## Task prompt
In the answer, each entry below appears exactly as given, and no picture appears at all.

## Records drawn from a dataset
* * *
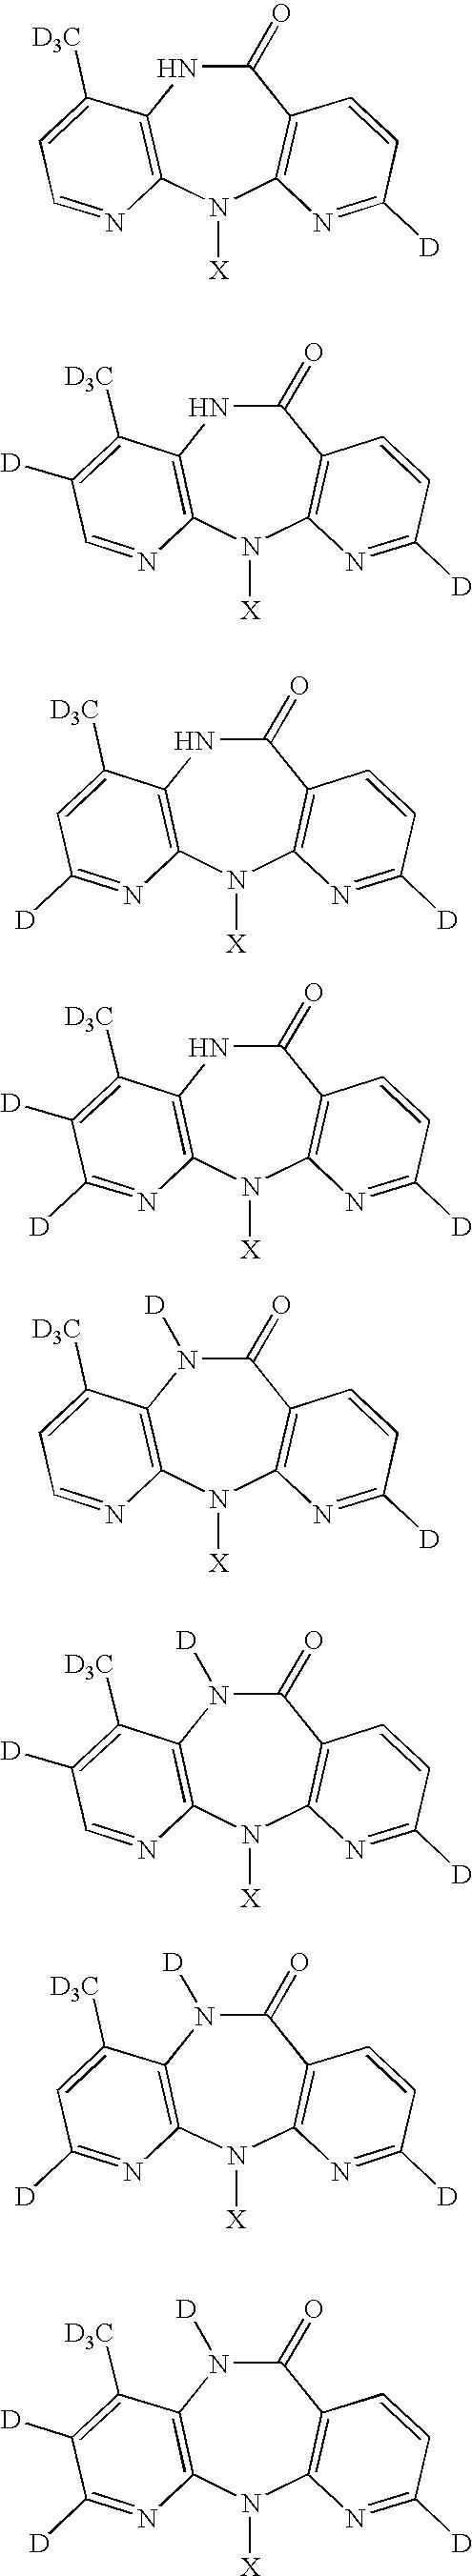 Figure US20080241289A1-20081002-C00009
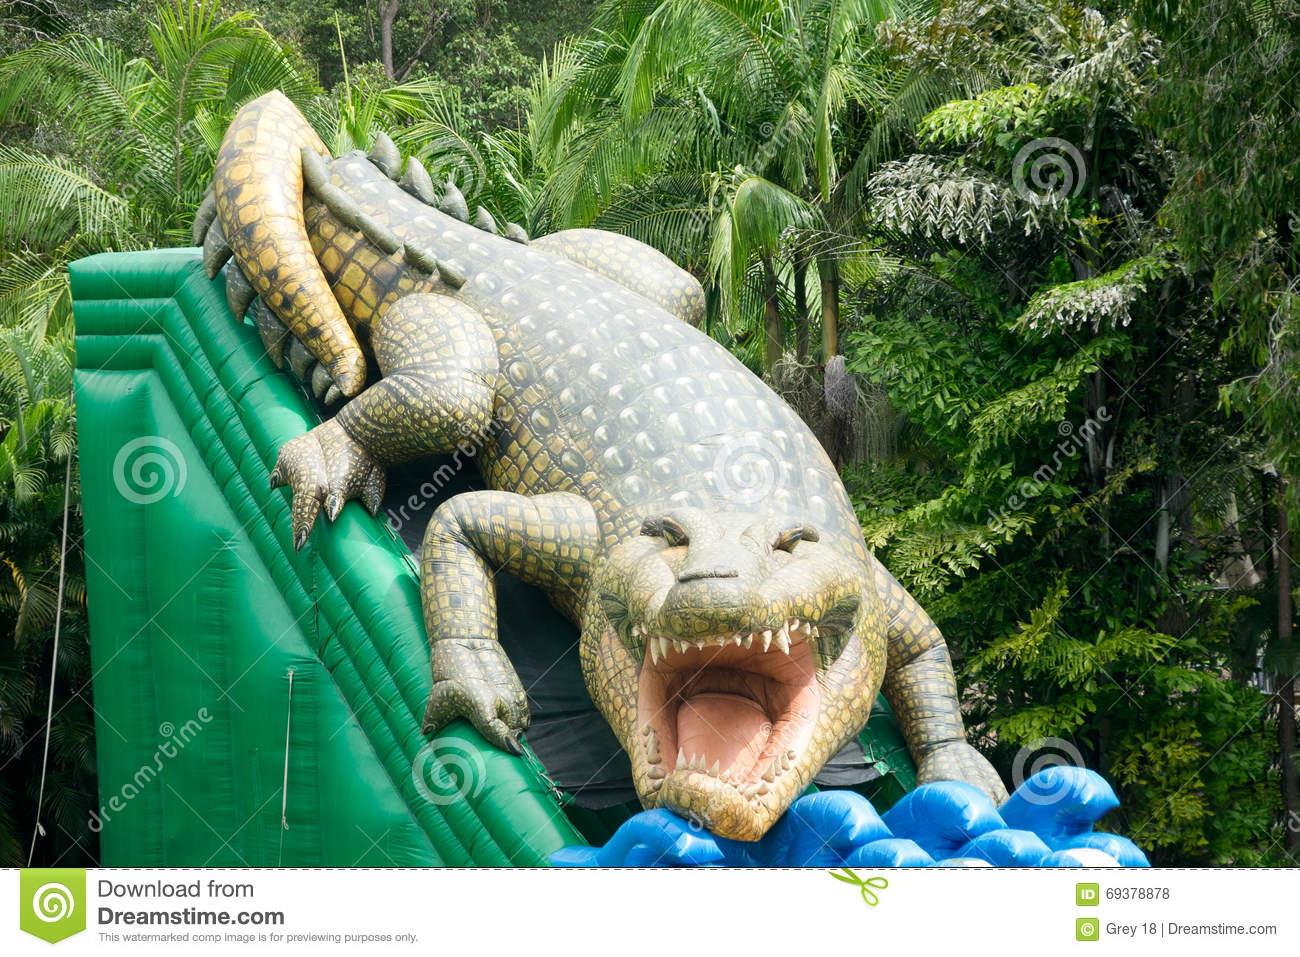 Das Aufblasbare Krokodil Der Kinder Stockfoto - Bild Von ganzes Krokodil Bilder Für Kinder
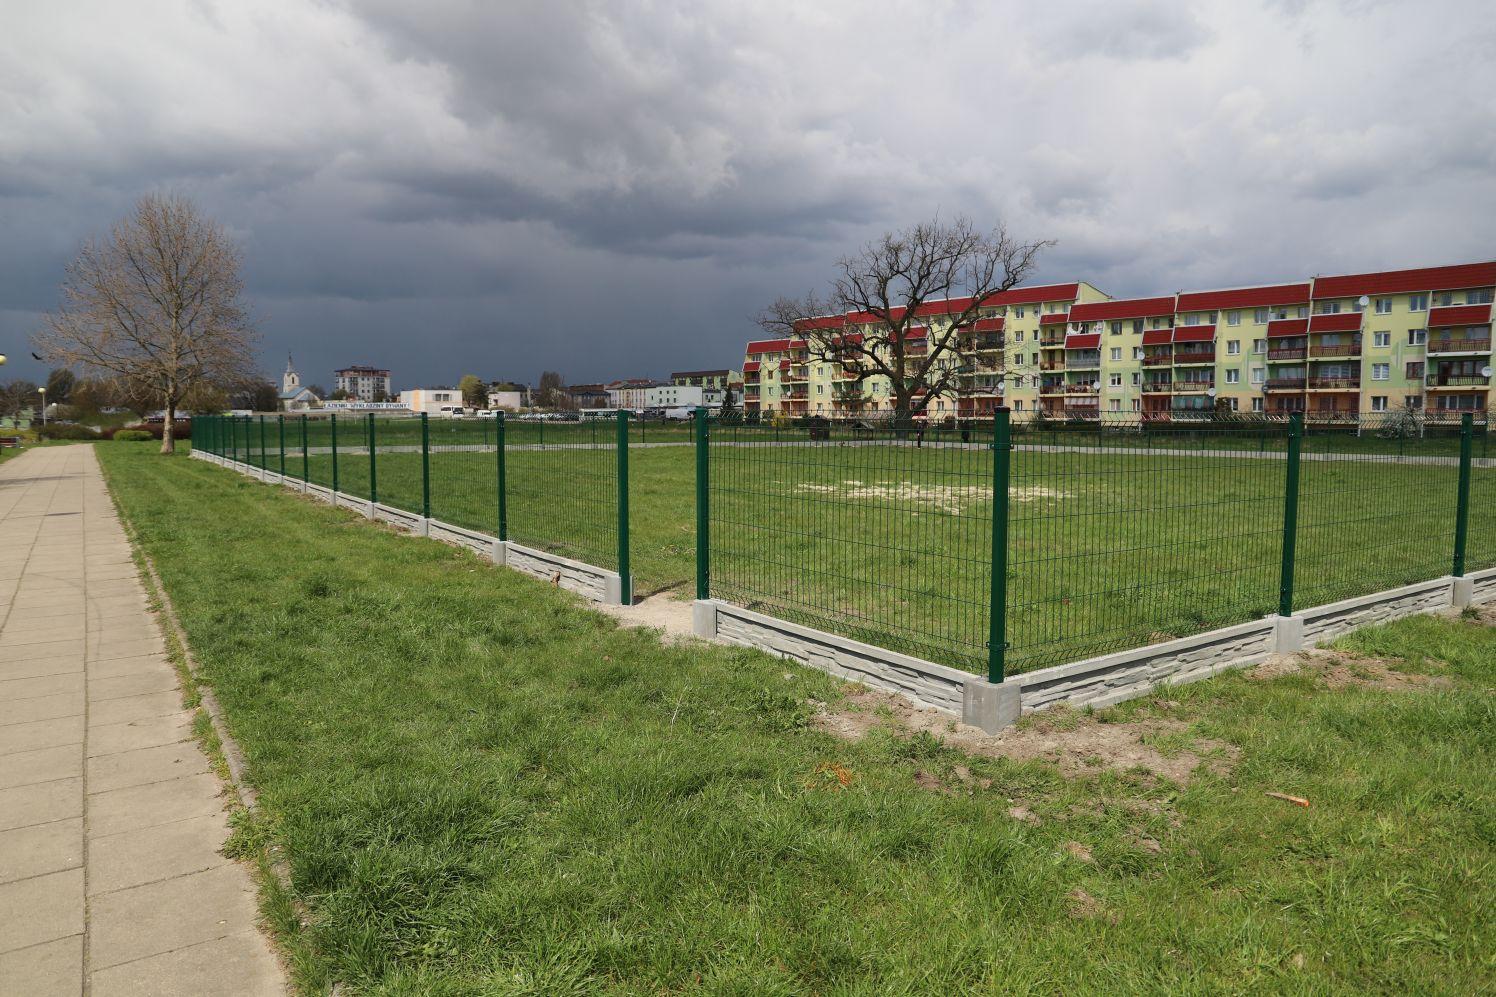 [ZDJĘCIA] Zmiany w kutnowskim parku. Pojawiło się tajemnicze ogrodzenie: co tu powstaje? - Zdjęcie główne
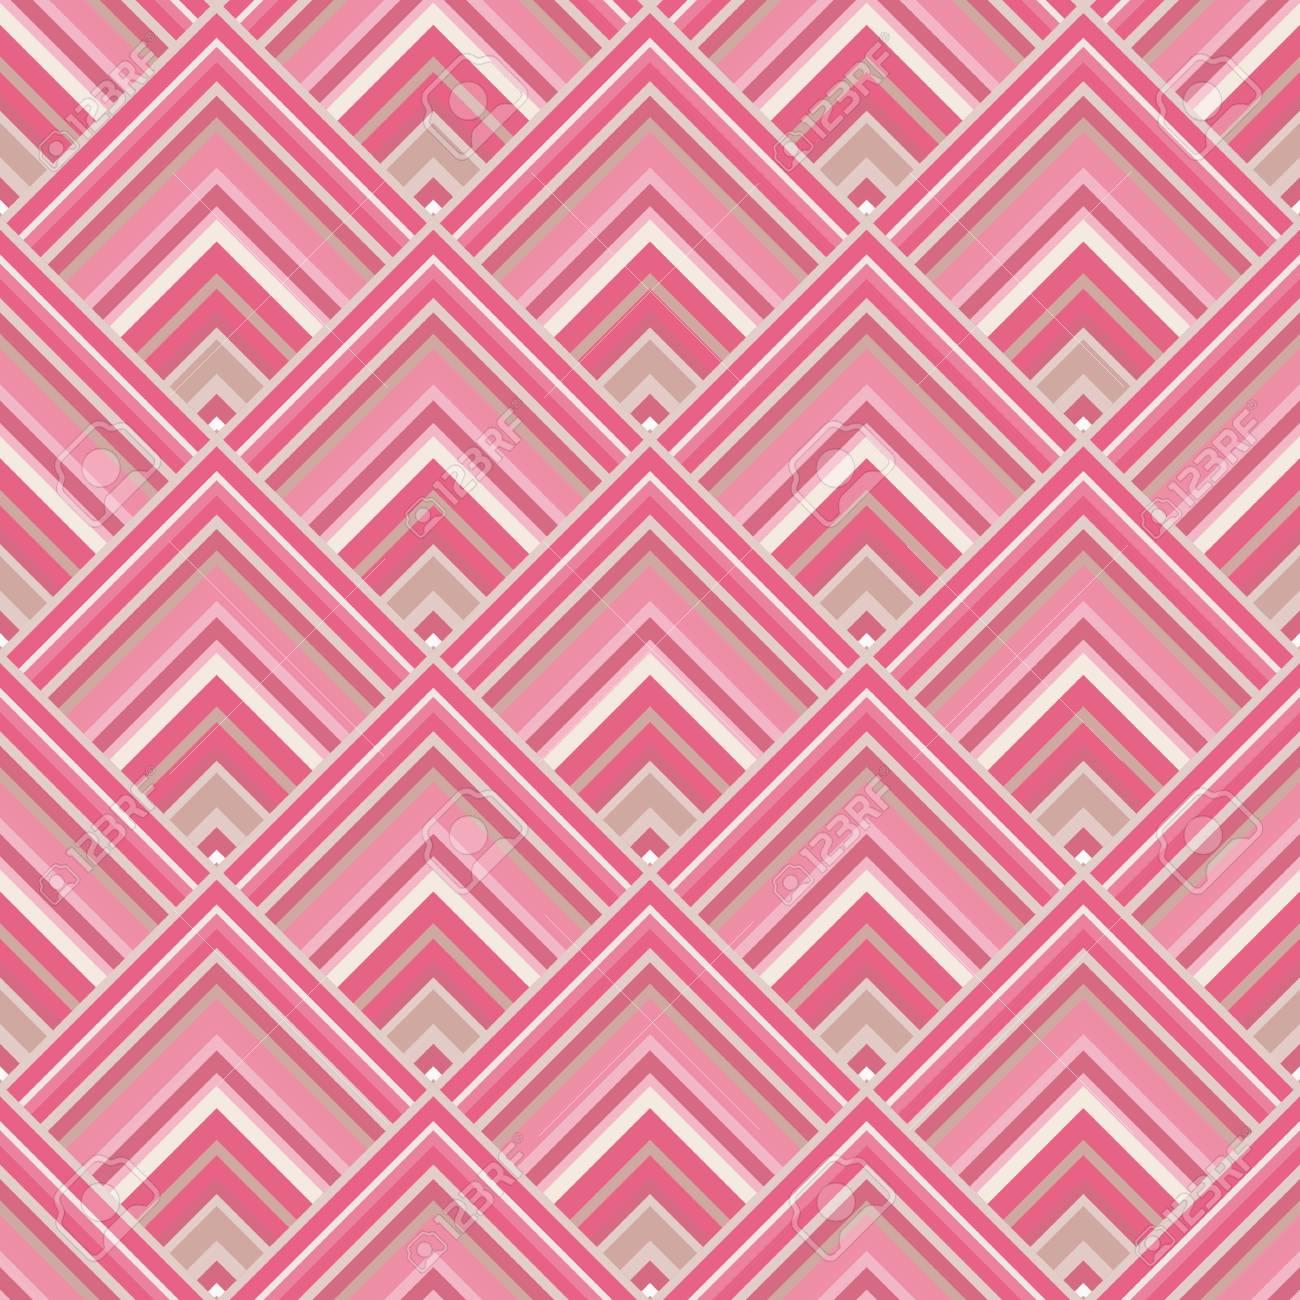 Seamless Pattern Sfondo Geometrico Con Rombi In Toni Rosa E Grigio Illustrazione Di Vettore
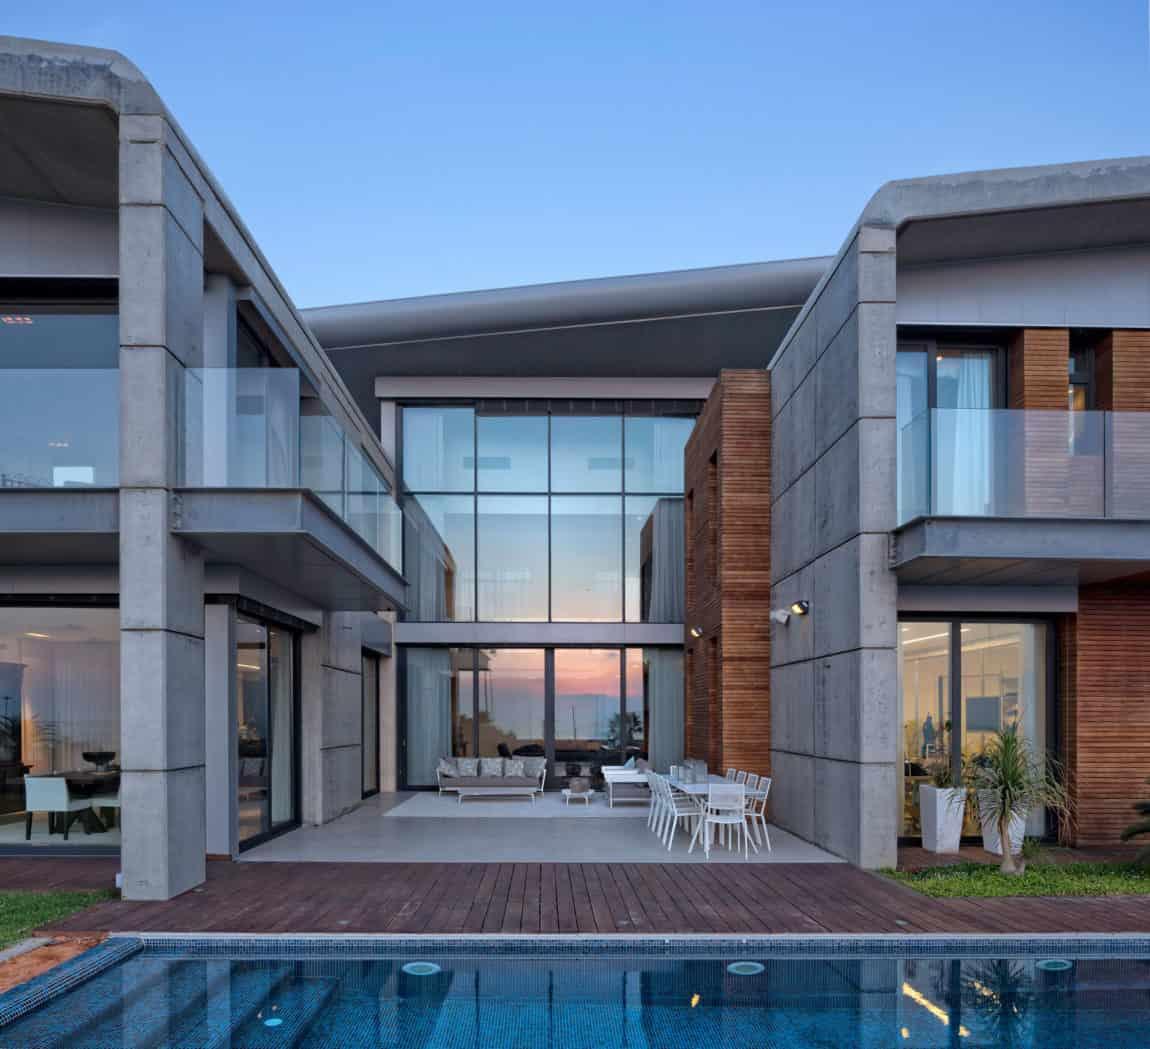 House in Ashdod by Nava Yavetz Architects (22)
* * *
## Output for this task
 Figure US20080241289A1-20081002-C00009
 Das Aufblasbare Krokodil Der Kinder Stockfoto - Bild Von ganzes Krokodil Bilder Für Kinder
 [ZDJĘCIA] Zmiany w kutnowskim parku. Pojawiło się tajemnicze ogrodzenie: co tu powstaje? - Zdjęcie główne
 Seamless Pattern Sfondo Geometrico Con Rombi In Toni Rosa E Grigio Illustrazione Di Vettore
 House in Ashdod by Nava Yavetz Architects (22)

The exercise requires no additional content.